+++ The data

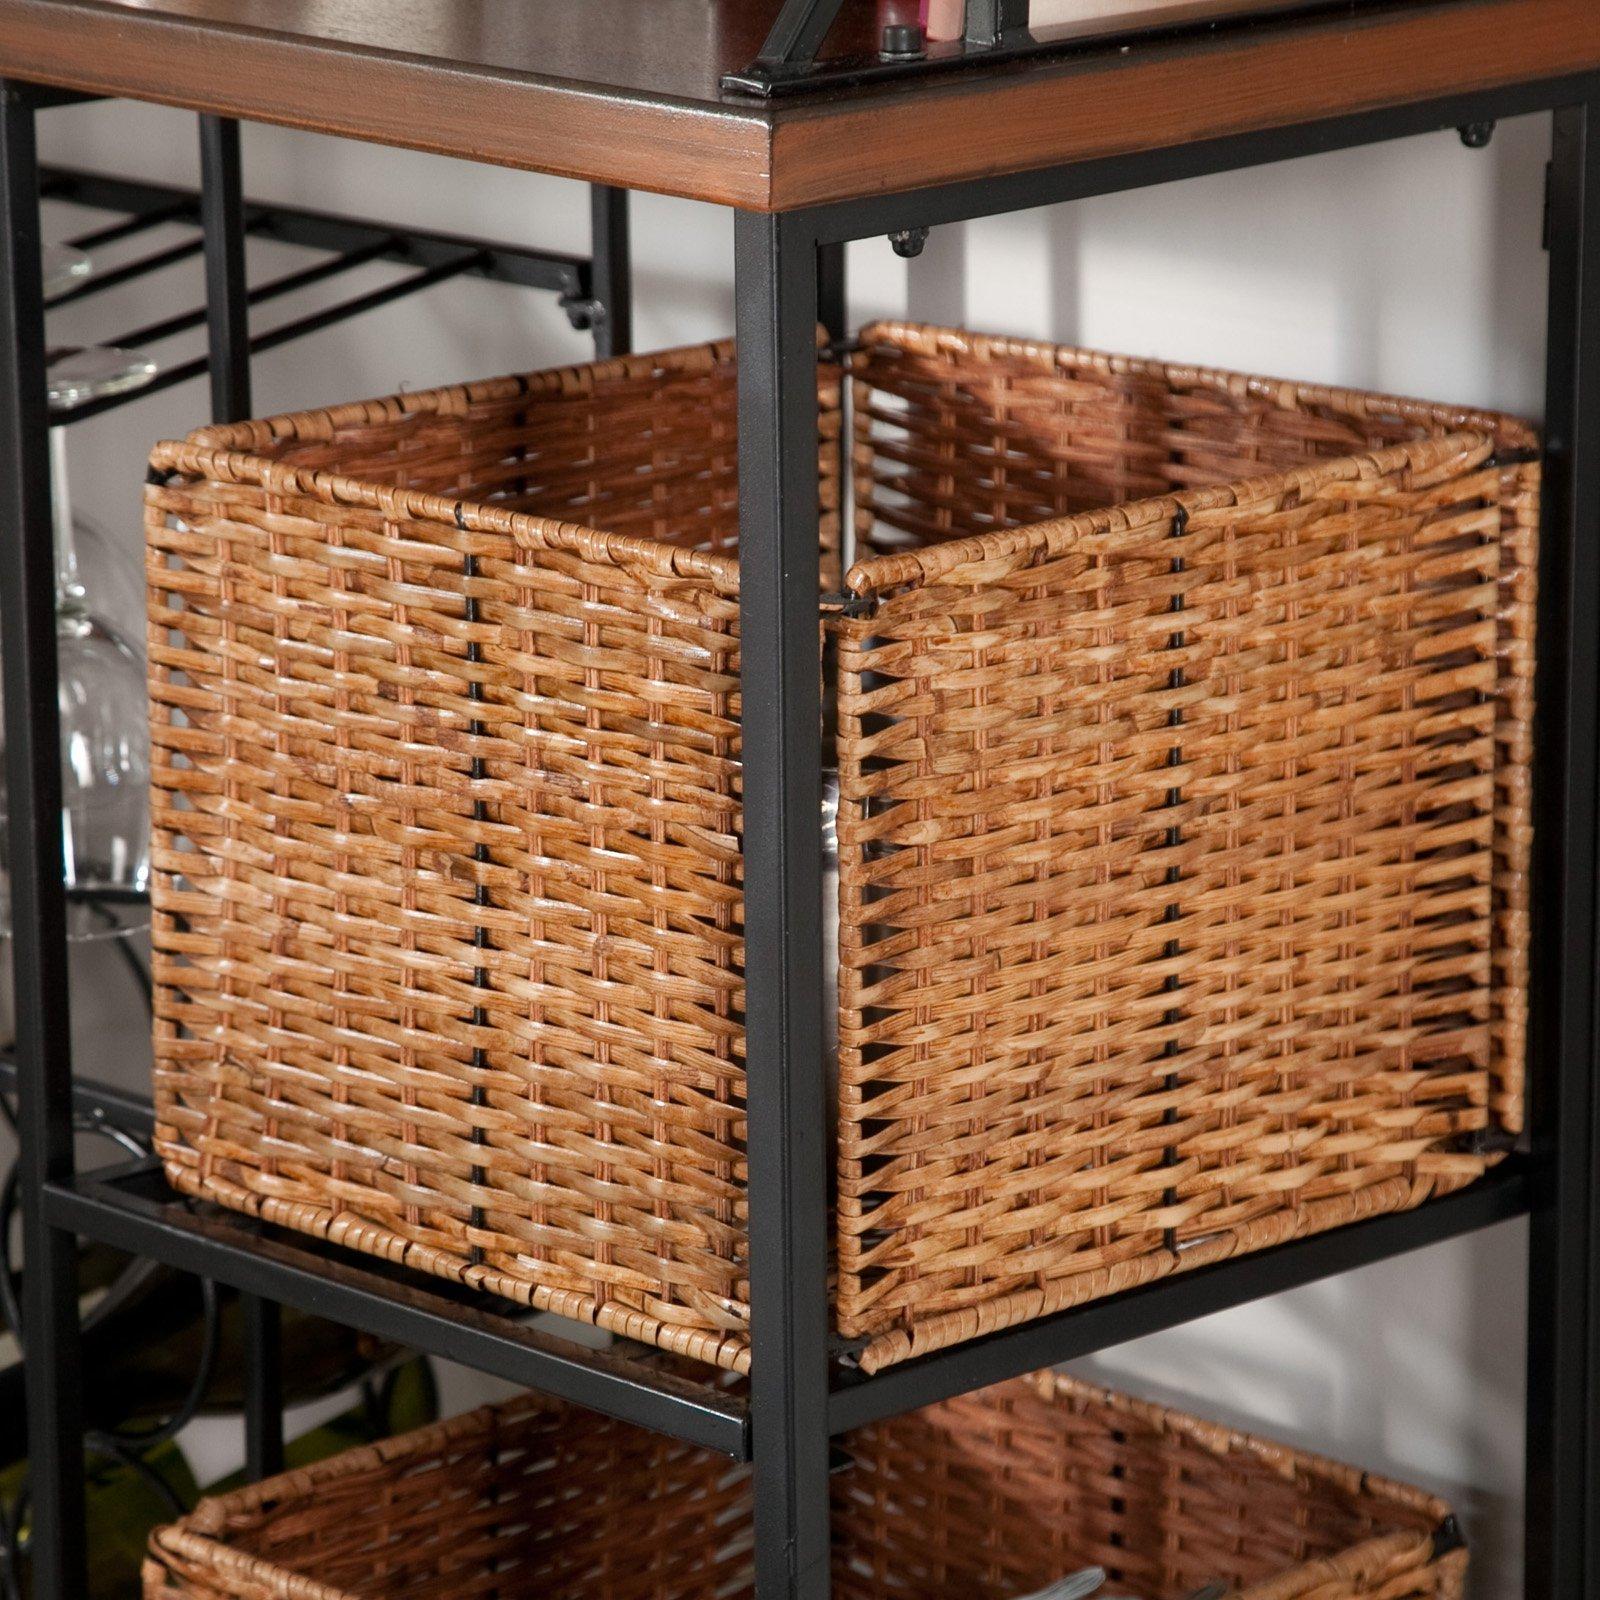 Belham Living Solano Bakers Rack with Baskets by Belham Living (Image #6)
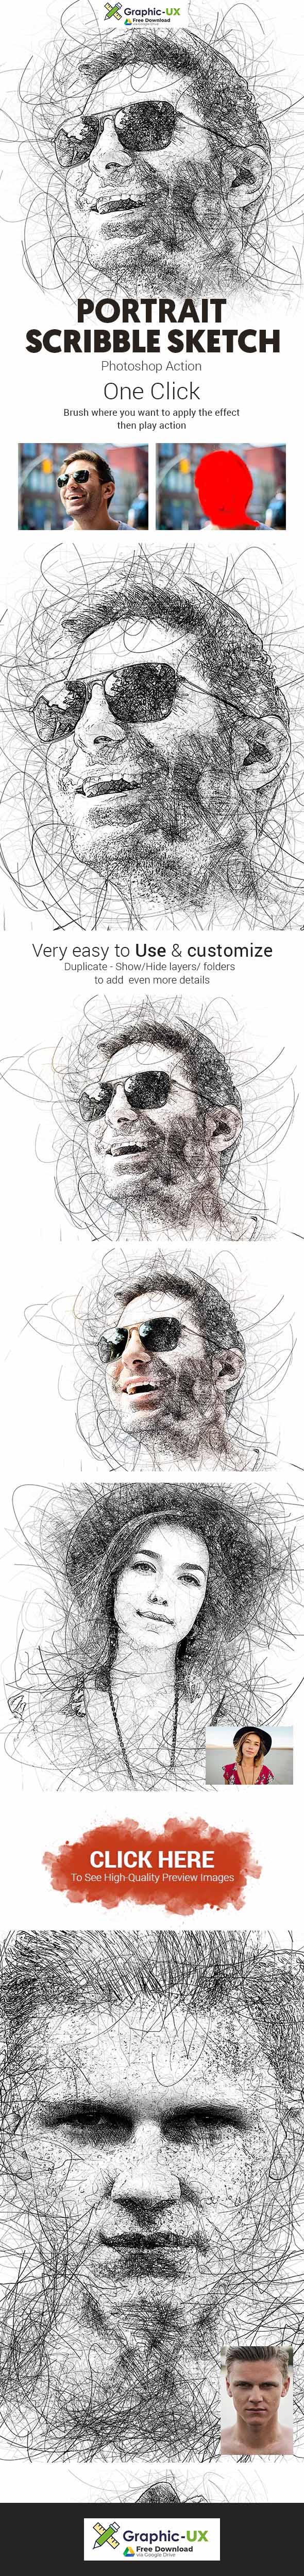 Portrait Scribble Sketch Art Photoshop Action free download
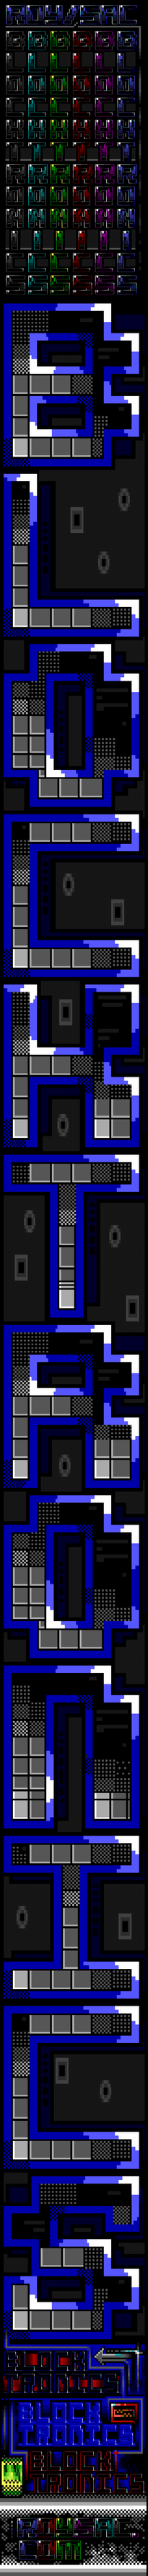 Blocktronics 5 by roy-sac

++++++

▶ Work to be completed
Repeat every line of the data above exactly, but drop the pictures.

▶ Expected answer
 Belham Living Solano Bakers Rack with Baskets by Belham Living (Image #6)
 Portrait Scribble Sketch Art Photoshop Action free download
 Blocktronics 5 by roy-sac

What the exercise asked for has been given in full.